I bake cookies all year long, so my friends and family call me the "Cookie Lady"! Whenever I bake these for Christmas, I make three batches...one to keep at home for my husband and two to give as gifts.
- 1 cup butter, softened
- 1 cup shortening
- 1 cup sugar
- 1 cup confectioners' sugar
- 2 large eggs
- 2 teaspoons vanilla extract
- 4 cups all-purpose flour
- 1 teaspoon cream of tartar
- 1 teaspoon grated lemon peel
- 1/2 teaspoon salt
- 3/4 cup dried cranberries
- 2/3 cup butter, softened
- 2-3/4 cups confectioners' sugar
- 1/4 cup 2% milk
- 1-1/4 teaspoons grated lemon peel
- In a large bowl, cream the butter, shortening and sugars until light and fluffy. Add eggs, one at a time, beating well after each addition. Beat in vanilla. Combine the flour, cream of tartar, lemon peel and salt; gradually add to the creamed mixture and mix well. Stir in cranberries. Cover and refrigerate for 2 hours or until easy to handle.

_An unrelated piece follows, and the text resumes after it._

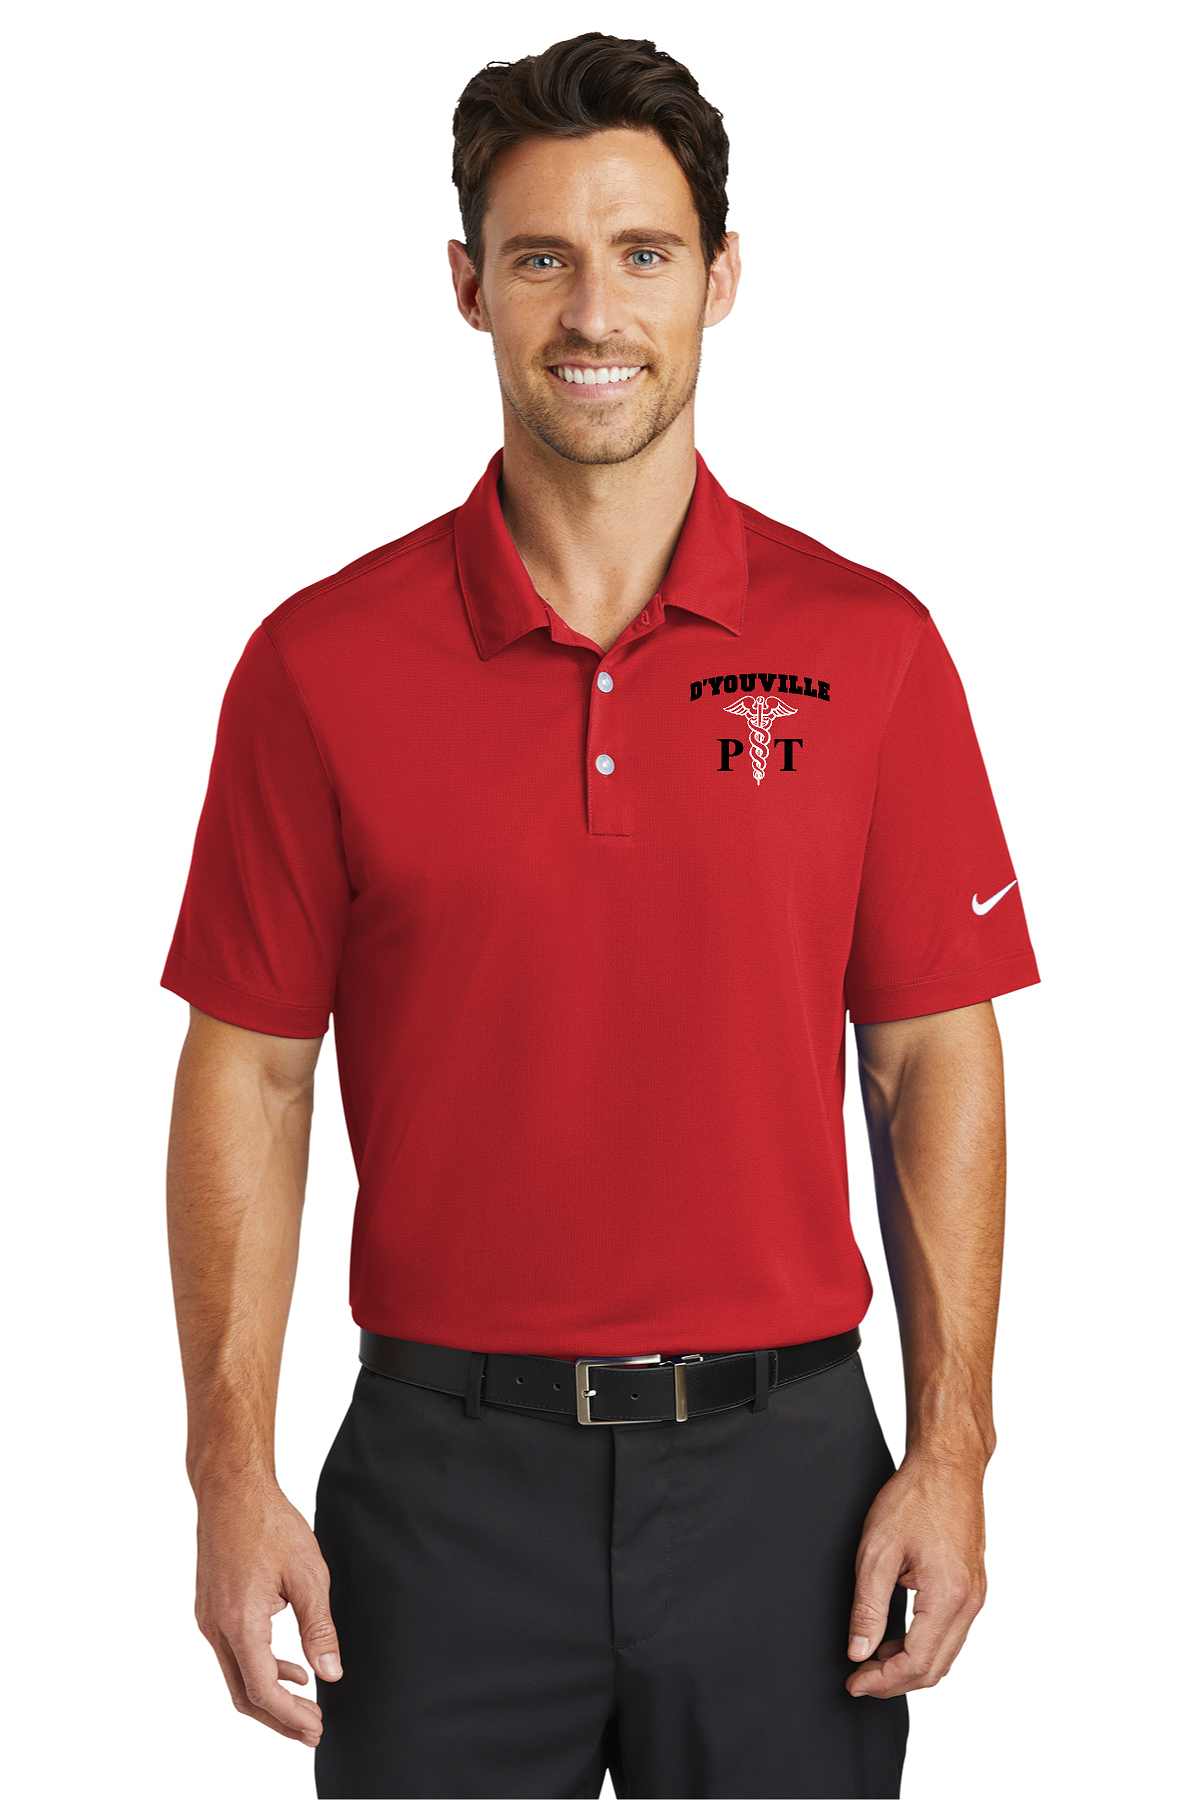 D'Youville Physical Therapy 637167 Nike Dri-FIT Vertical Mesh Polo

- Roll into 1-in. balls. Place 2 in. apart on ungreased baking sheets. Flatten with a glass dipped in sugar. Bake at 350° for 12-14 minutes or until edges are lightly browned. Remove to wire racks to cool.
- In a small bowl, combine the filling ingredients; beat until smooth. Spread on the bottoms of half of the cookies; top with remaining cookies. Yield: about 4-1/2 dozen.
Originally published as Cranberry Lemon Sandwiches in Best of Country Cookies 1999, p100
Sweet White Wine
Enjoy this recipe with a sweet white wine such as Moscato or a sweet Riesling.